# Fantasy TDF!



## robdamanii (Feb 13, 2006)

Over at Velogames.com


League Name:	RBR Tour Challenge
League Code: 30223741


----------



## LostViking (Jul 18, 2008)

I'm in with Team Banco Santander!


----------



## ragweed (Jan 2, 2009)

What's the likelihood that this time around the operator will update the site daily? I eventually lost interest in the Giro because the updates were so infrequent.


----------



## masfish1967 (Mar 3, 2010)

In - Viva Le Brizilian Beavers


----------



## Sylint (Jul 27, 2009)

******* Riders are in...I seem to be a bit Garmin heavy.


----------



## dougydee (Feb 15, 2005)

Dougies Dashers are on board


----------



## loudog (Jul 22, 2008)

foreverdoped is in.


----------



## carbonLORD (Aug 2, 2004)

*Honestly...*

I still do not understand how fantasy football, cycling, etc works...


----------



## Sasquatch (Feb 3, 2004)

i'm in! This One's for Kim Chiu


----------



## harlond (May 30, 2005)

Manchester Mudcats are in.


----------



## harlond (May 30, 2005)

ragweed said:


> What's the likelihood that this time around the operator will update the site daily? I eventually lost interest in the Giro because the updates were so infrequent.

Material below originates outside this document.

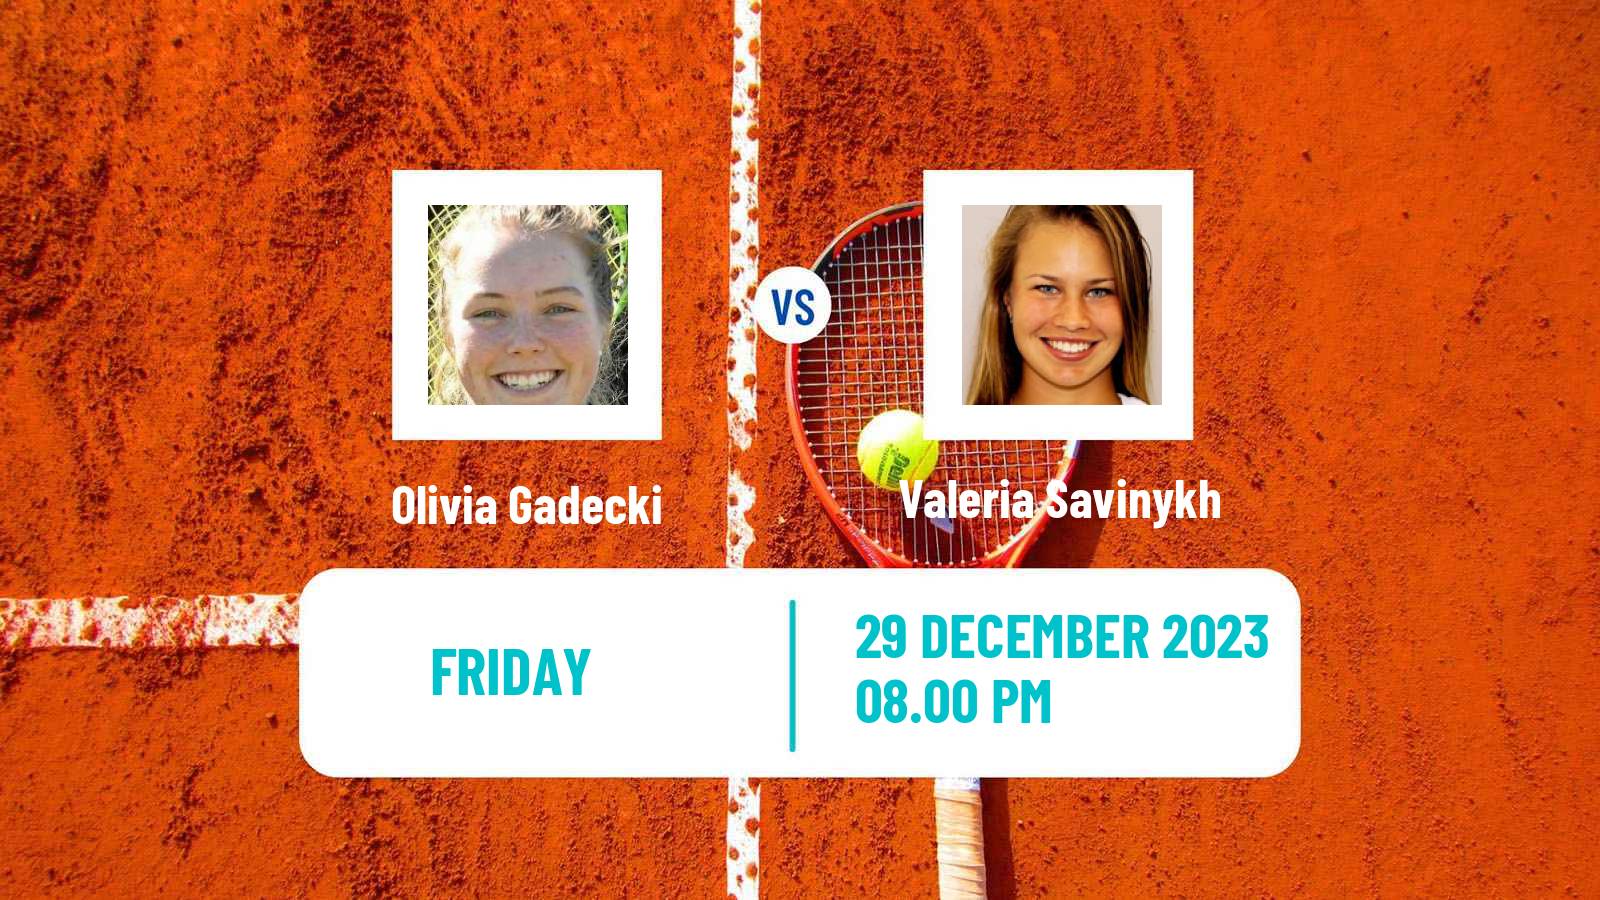 Tennis WTA Brisbane Olivia Gadecki - Valeria Savinykh

Fair question, and I would think the likelihood is low. Still, he runs a good game, the price is right, and he can't be making any money at it, so I try to temper my expectations.

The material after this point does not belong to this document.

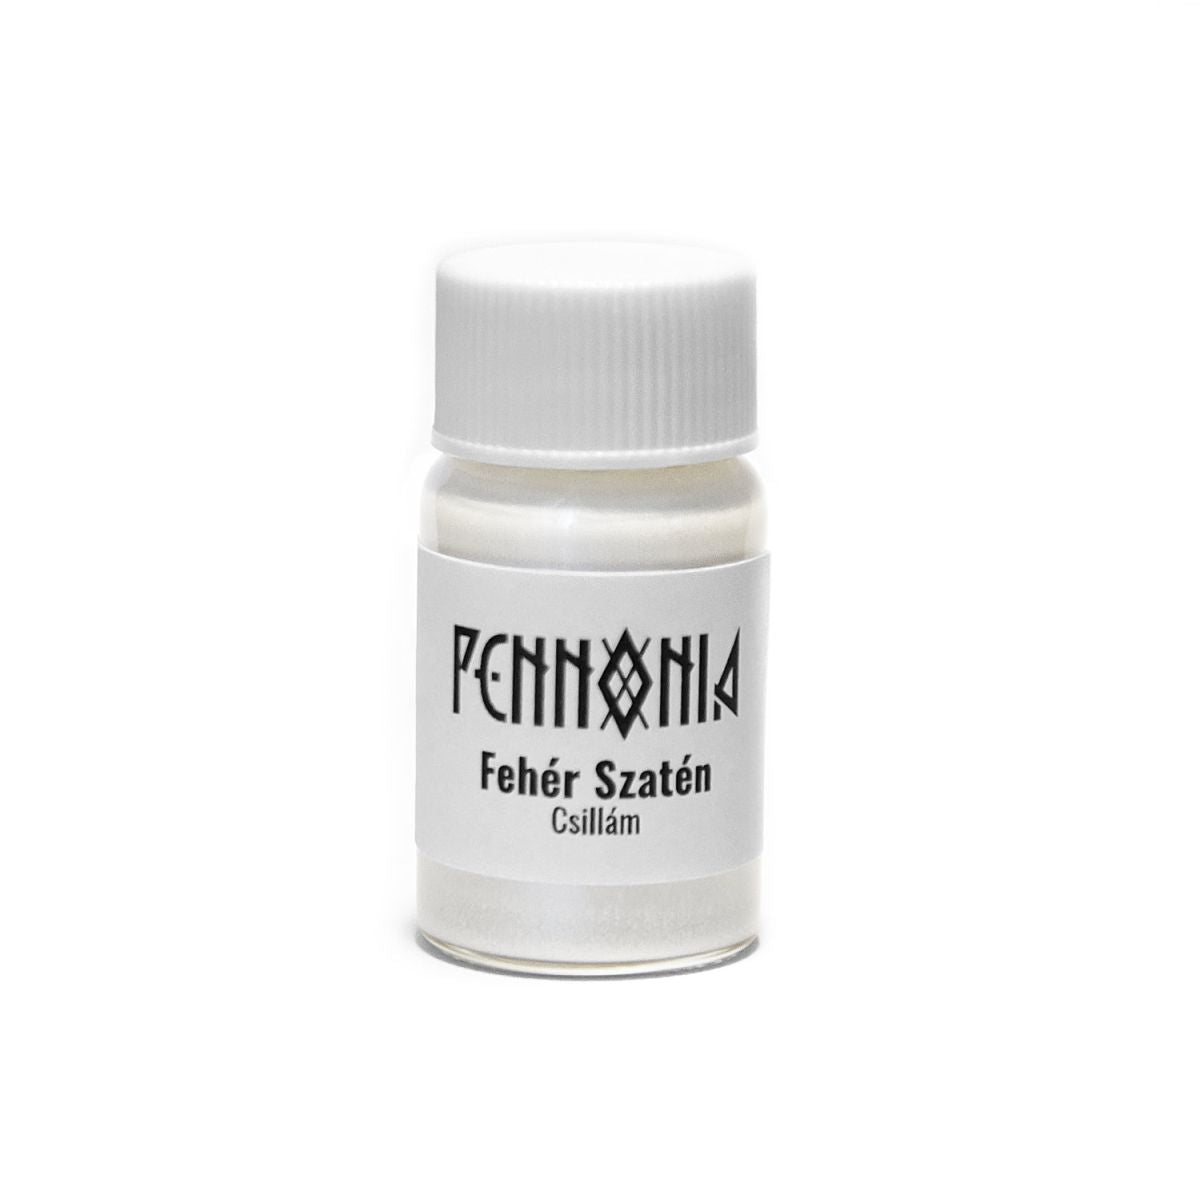 Pennonia shimmer additive - Feher Szaten

I have noticed that my need for daily updates wanes as I drop down the rankings.


----------



## ECF (Aug 19, 2003)

I'm in. North Wales Sharks. Not sure I like this version of my team, but its a good first shot.


----------



## frpax (Feb 13, 2010)

Here's how I spent my 100 points:

Team Velo Tempe

Rider Selection

Rider Pro Team Credit Cost
Andy SCHLECK SAX 22 
Frank SCHLECK SAX 14 
Roman KREUZIGER LIQ 14 
Damiano CUNEGO LAM 12 
Thor HUSHOVD CTT 18 
David MILLAR GAR 6 
George HINCAPIE BMC 6 
David ZABRISKIE GAR 4 
Chris HORNER RSH  4  
100


----------



## myk (Jul 4, 2008)

I'm in

Team Knucklehead


Myk


----------



## Sojourneyman (Jun 22, 2007)

In as Eurotrash. 

Picking this was harder than the Giro, a lot thicker field talent-wise. I decided to go without Contador just because he cost so much. Should be an interesting one.


----------



## redlizard (Jul 26, 2007)

I'm in as RedLizard - picks subject to change.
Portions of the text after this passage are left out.